* **MATERIAL PROVIDED**
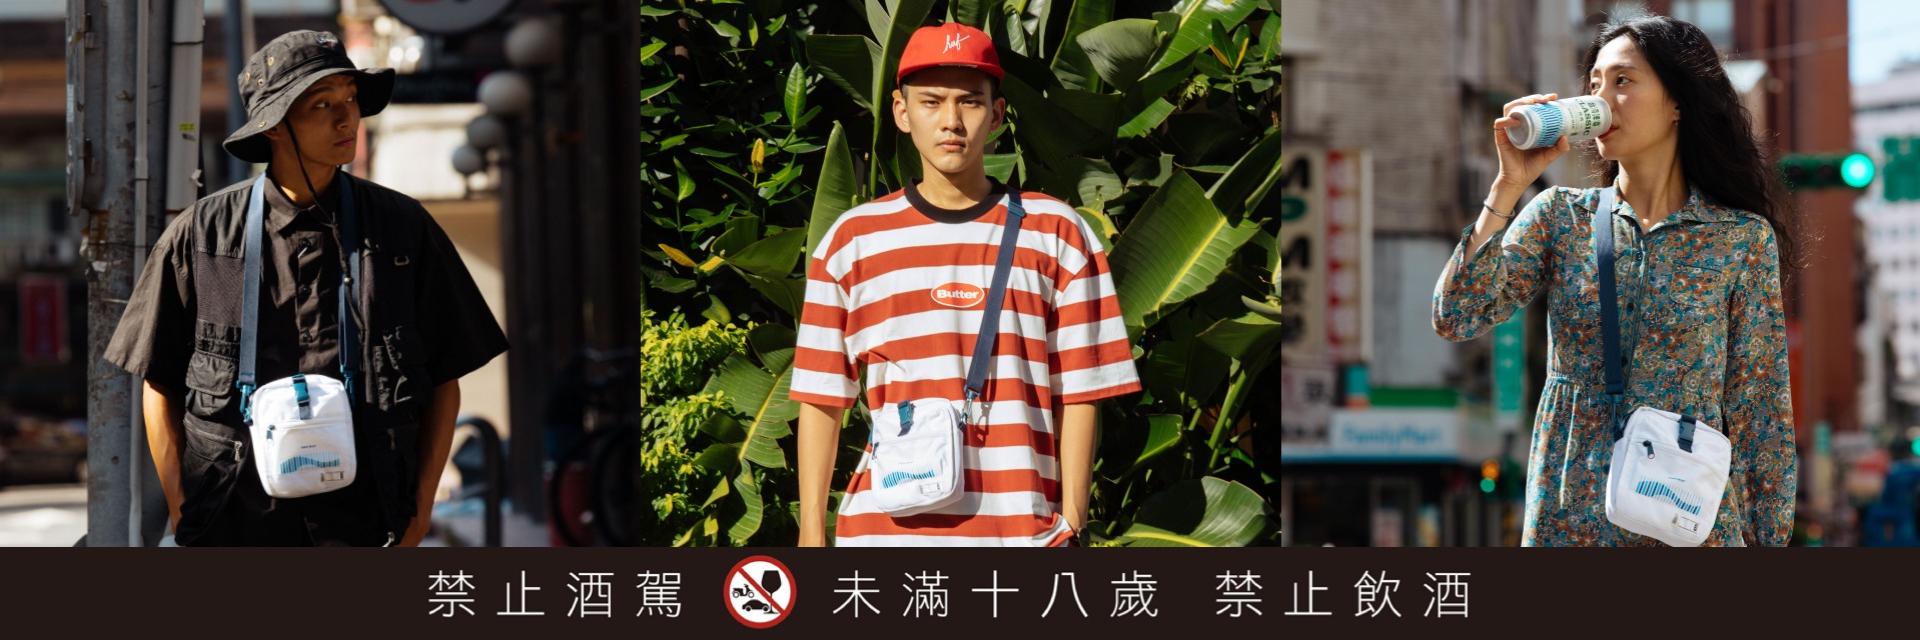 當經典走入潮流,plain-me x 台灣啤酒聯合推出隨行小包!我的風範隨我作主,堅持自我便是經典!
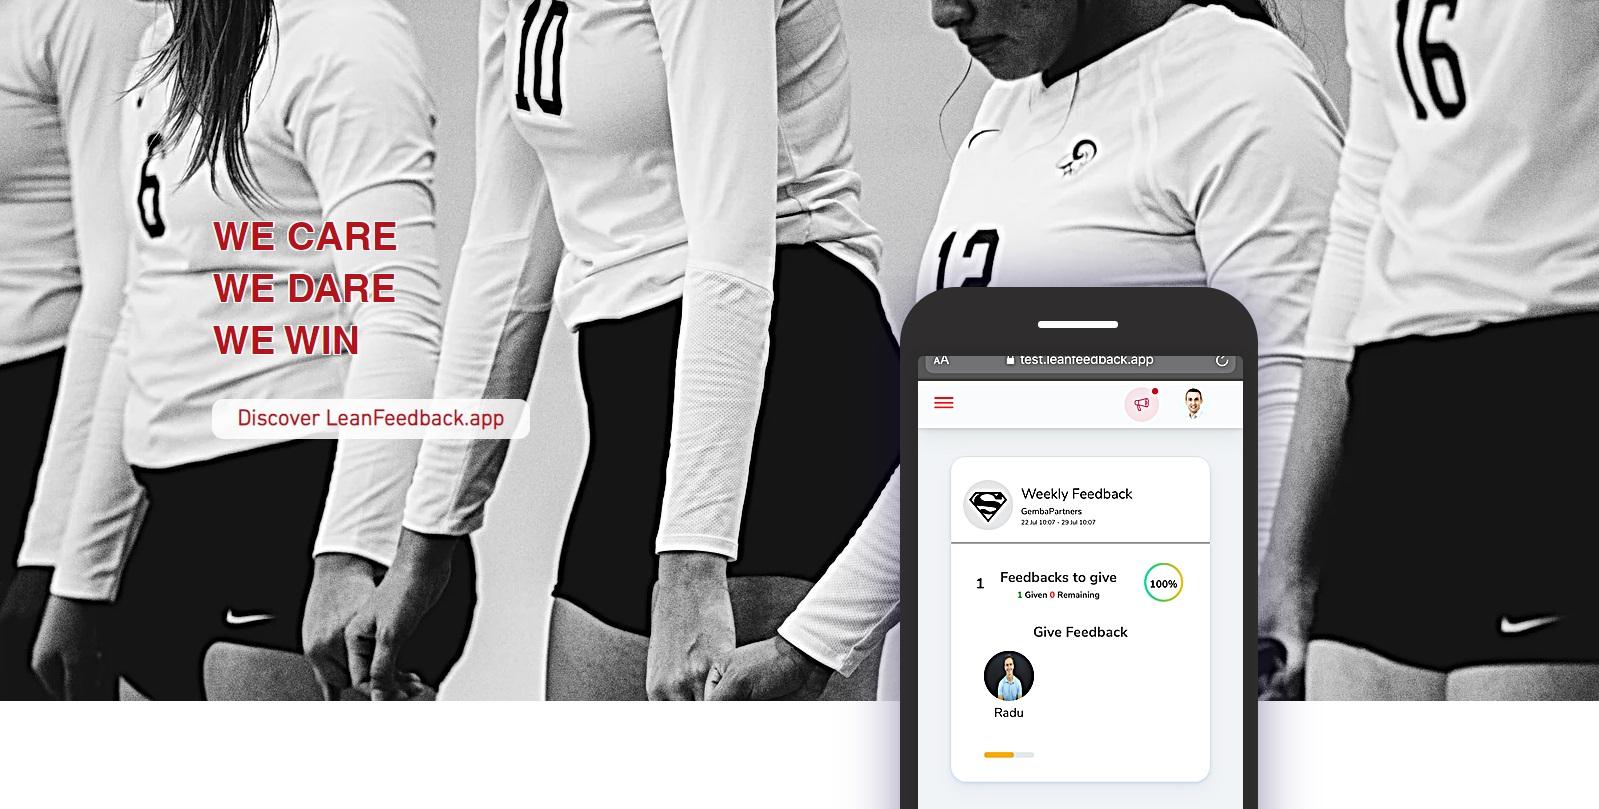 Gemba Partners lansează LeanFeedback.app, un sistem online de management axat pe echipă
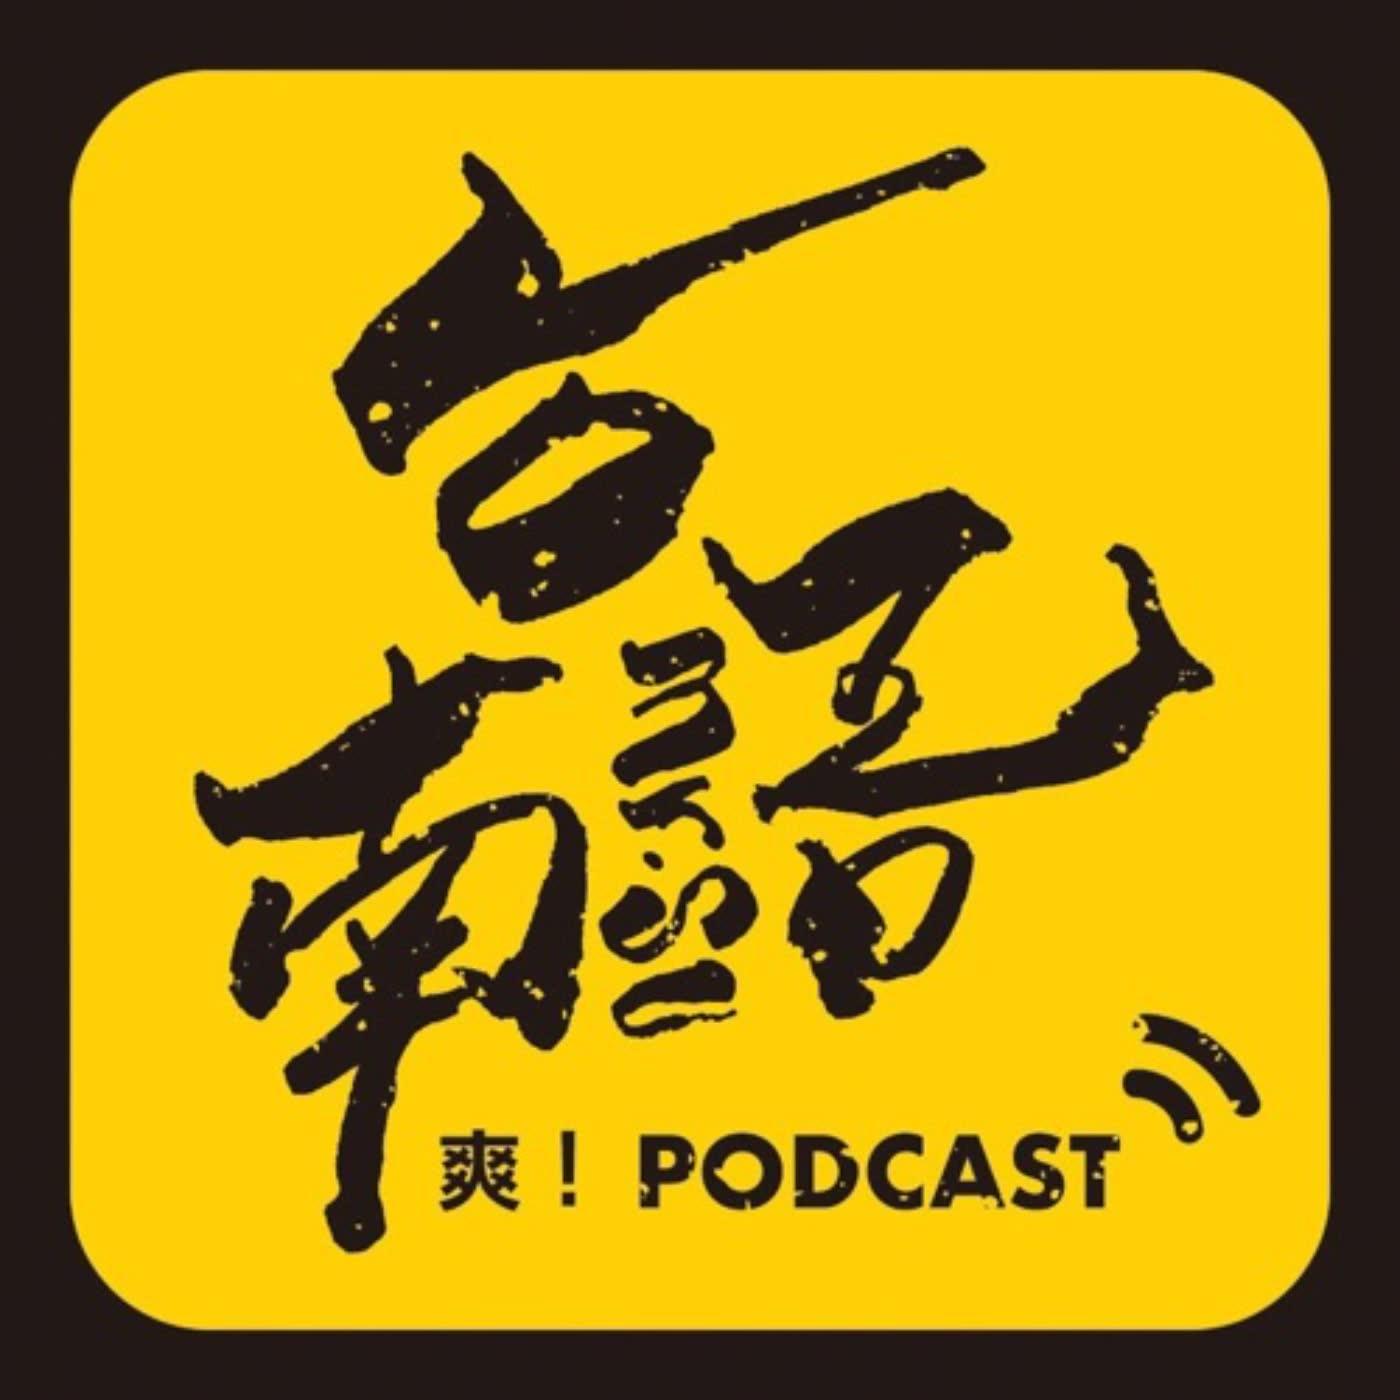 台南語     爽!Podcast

* **REQUIRED ACTION**
If pictures appear, drop them, and retype exactly the lines from the "Gemba Partners lansează" line through the last line of the data above.

* **TASK OUTPUT**
 Gemba Partners lansează LeanFeedback.app, un sistem online de management axat pe echipă
 台南語     爽!Podcast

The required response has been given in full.